Before going up on the mountain, make sure someone knows where you’re heading and your expected return time. If you don’t check in with them by a certain time, they should alert the authorities. Make it a habit: detail your plans and tell someone before you head out, every time. If a search and rescue team has to find your party in an avalanche knowing exactly where to look could be the difference between life and death.
also be carrying a phone and radio with the contact details of the local
mountain rescue services. If something happens to a member of your
party, you need to be able to call for help. Franticly Googling “mountain
rescue Val Thorens” won’t cut it in an emergency.
Bad Avalanches Happen to Good People
No matter how you cautious you are avalanches happen and it's important to be ready. A basic avalanche safety kit consists of a transceiver, shovel and probe. The transceiver is two-way radio beacon. Normally, it’s broadcasting your location. If a ski partner is caught in an avalanche, you switch it to search mode and use it to find them. A shovel is essential for digging anyone caught in an avalanche out. A probe is used to find the exact location of someone after you’ve gotten as close as possible with the transceiver. I also recommend you ski with a radio. Not only does it make communicating with your talent easier while you work, but it also makes you safer.
Having the gear is one thing but knowing how to use it is just as important. If the limit of your avalanche training is using your transceivers in your garden at home then you’re not going to be much use in an actual avalanche situation. If you can, attend an avalanche training course. If none are available near you, ask some experienced backcountry skiers to show you how to use the gear. Before heading out, make sure everyone in the party is carrying all the gear and knows how to use it.
How to Protect Your Crew
As the photographer, you will normally be directing the shoot. This means that you have a significant amount of responsibility for the safety of everyone involved. When there is a camera around many people are willing to put themselves in unsafe situations for the sake of a good picture; you can’t let that happen.
As most people will answer to you, you need to ensure you’re able to make the right decisions. Unless you’re intimately familiar with the local area, hire a guide and defer to their expertise. If they tell you that doing something is too risky, don’t do it.
If there is any risk of an avalanche, make sure the party is spaced out. The talent and photographer will tend to be in the most exposed positions, but everyone else should retreat to a safe spot to observe. If something goes wrong, they’ll be able to come to your assistance.
If you’re in the park, don’t push the talent to do tricks they’ve never done before just because you’re there with a camera. A backflip might look awesome but if the skier or snowboarder hasn’t spent the time learning to do them safely they could wheel away from the shoot unable to walk ever again. Make sure to stick well within the safe limits of what everyone is capable of.
This gets even more important as the shoot goes on; the more tired everyone gets the more likely they are to make mistakes. Once the talent has warmed up, try and capture the biggest aerial tricks. After that, dial it back and photograph less intense tricks.

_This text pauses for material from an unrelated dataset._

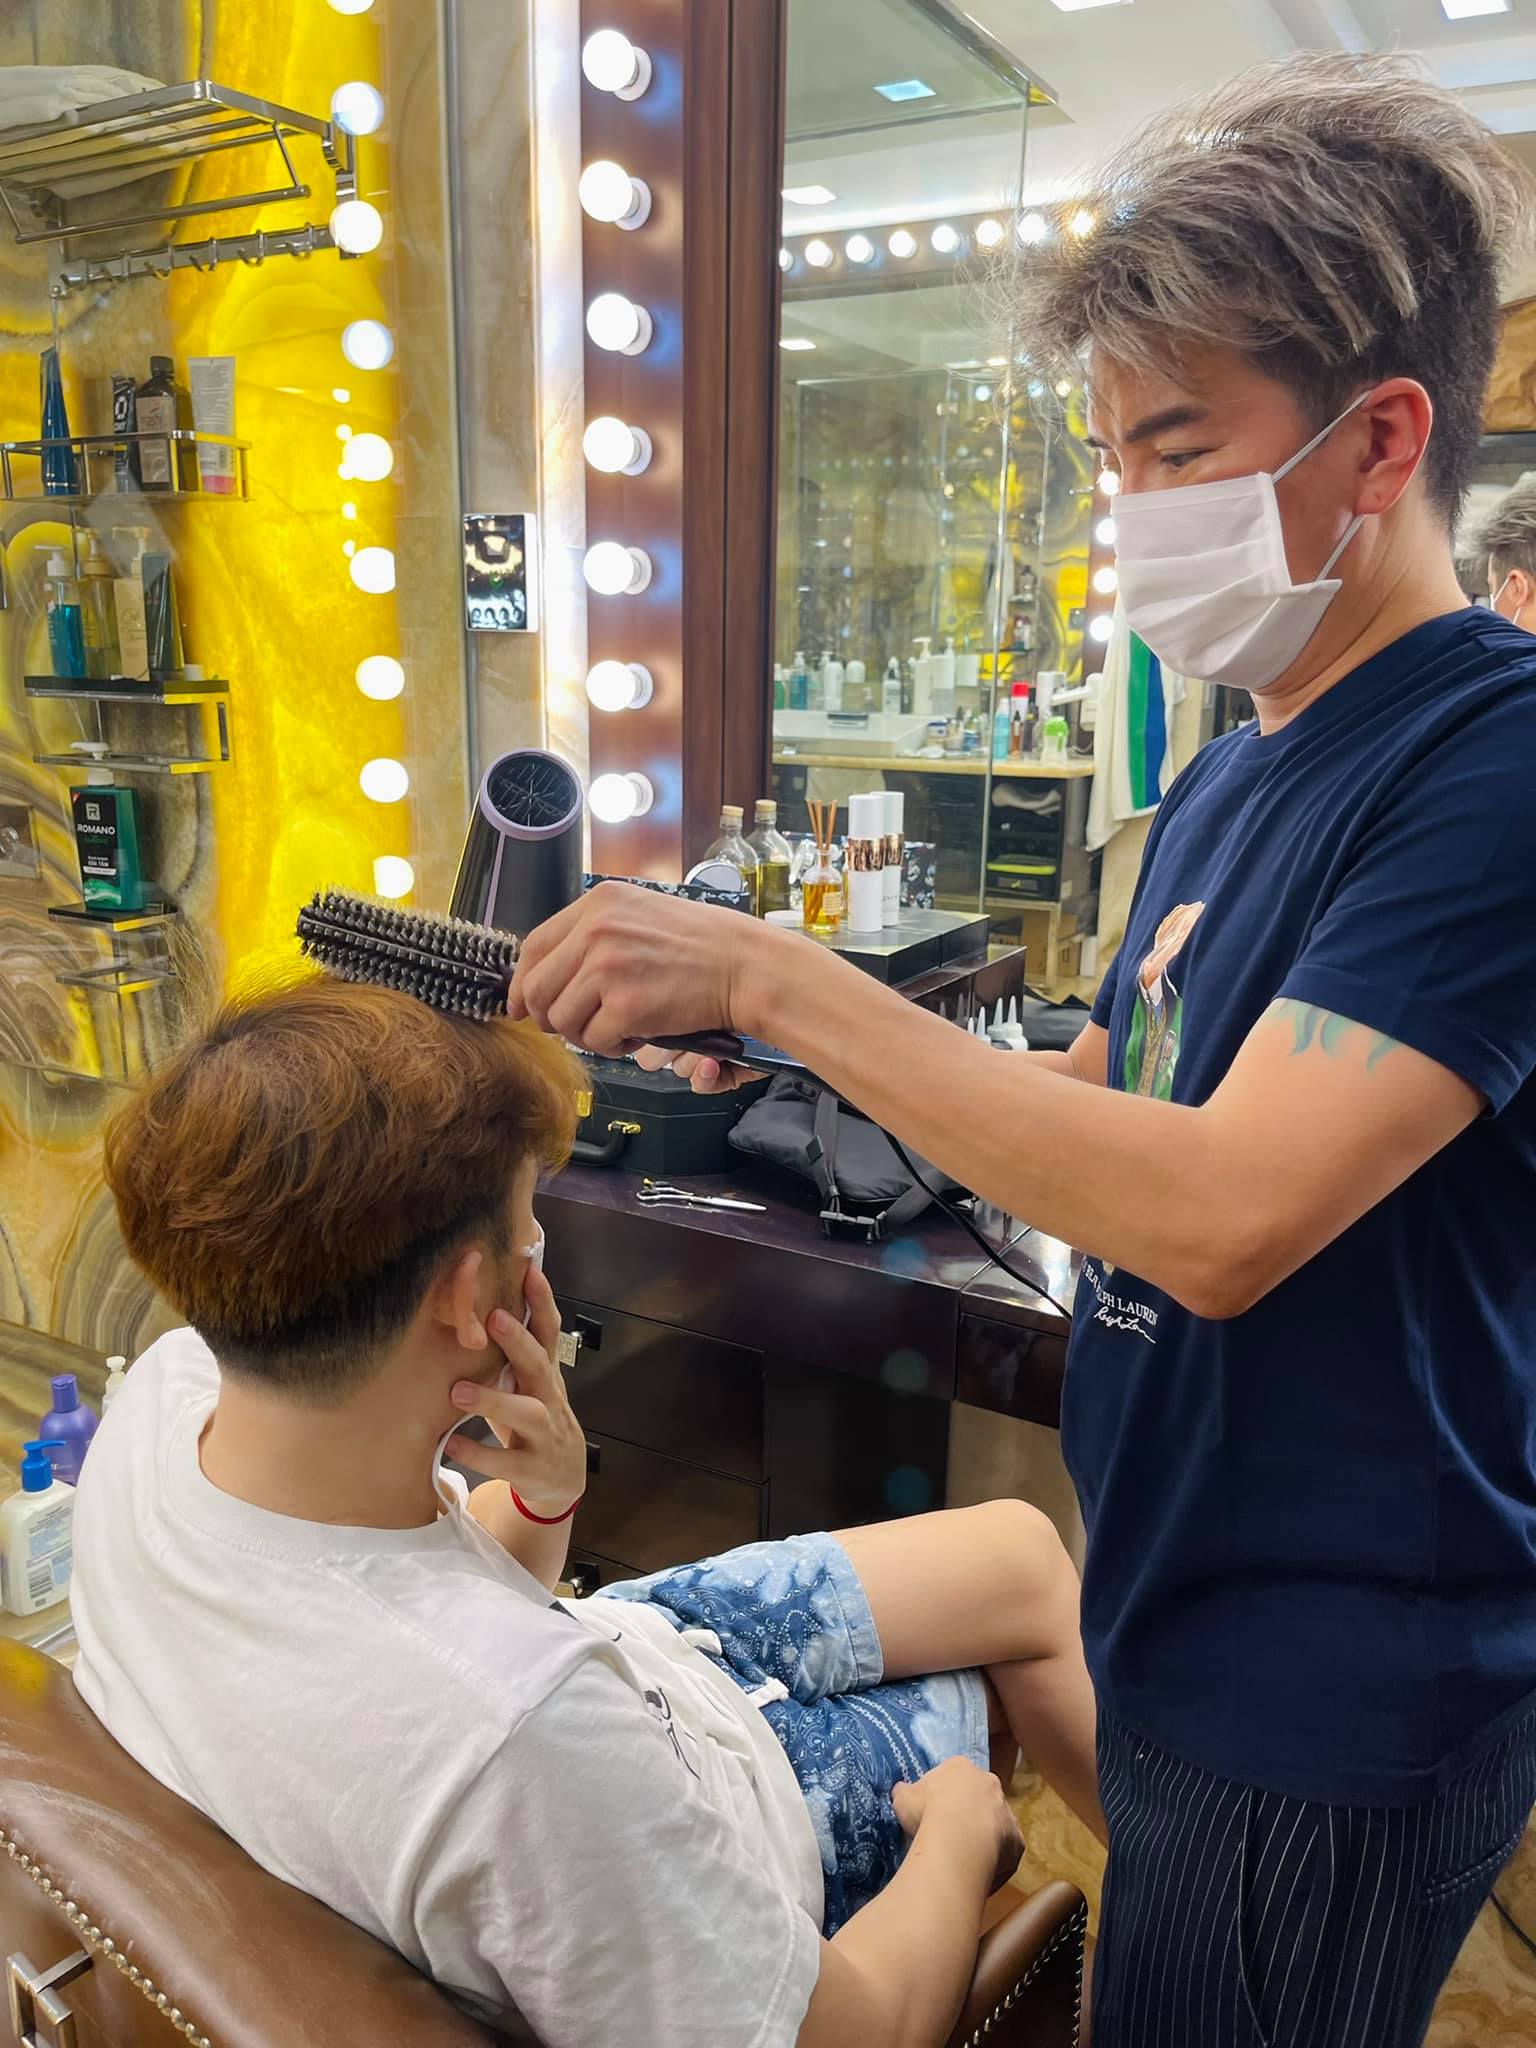 Vinh Barber sẽ mang đến cho bạn một phong cách tóc thật phong cách và độc đáo. Chúng tôi cam kết tạo ra những kiểu tóc đầu tiên tại Việt Nam thông qua các sản phẩm và dịch vụ được thiết kế riêng cho nam giới. Hãy đến với Vinh Barber để trải nghiệm dịch vụ chăm sóc tóc đẳng cấp.

Capturing images is just one part of winter sports photography. Far more important is keeping you, your crew and your gear safe.
There are plenty of products out their for protecting your gear in extreme environments. Use them. Insurance is also a must. At some point, some of your gear will get damaged.
Don’t venture away from marked trails unless you have all the safety gear and know how to use it. Most lethal accidents happen in the backcountry which is where the best photo opportunities are found. Never put your life, or the life of your crew, in real danger just to get a picture.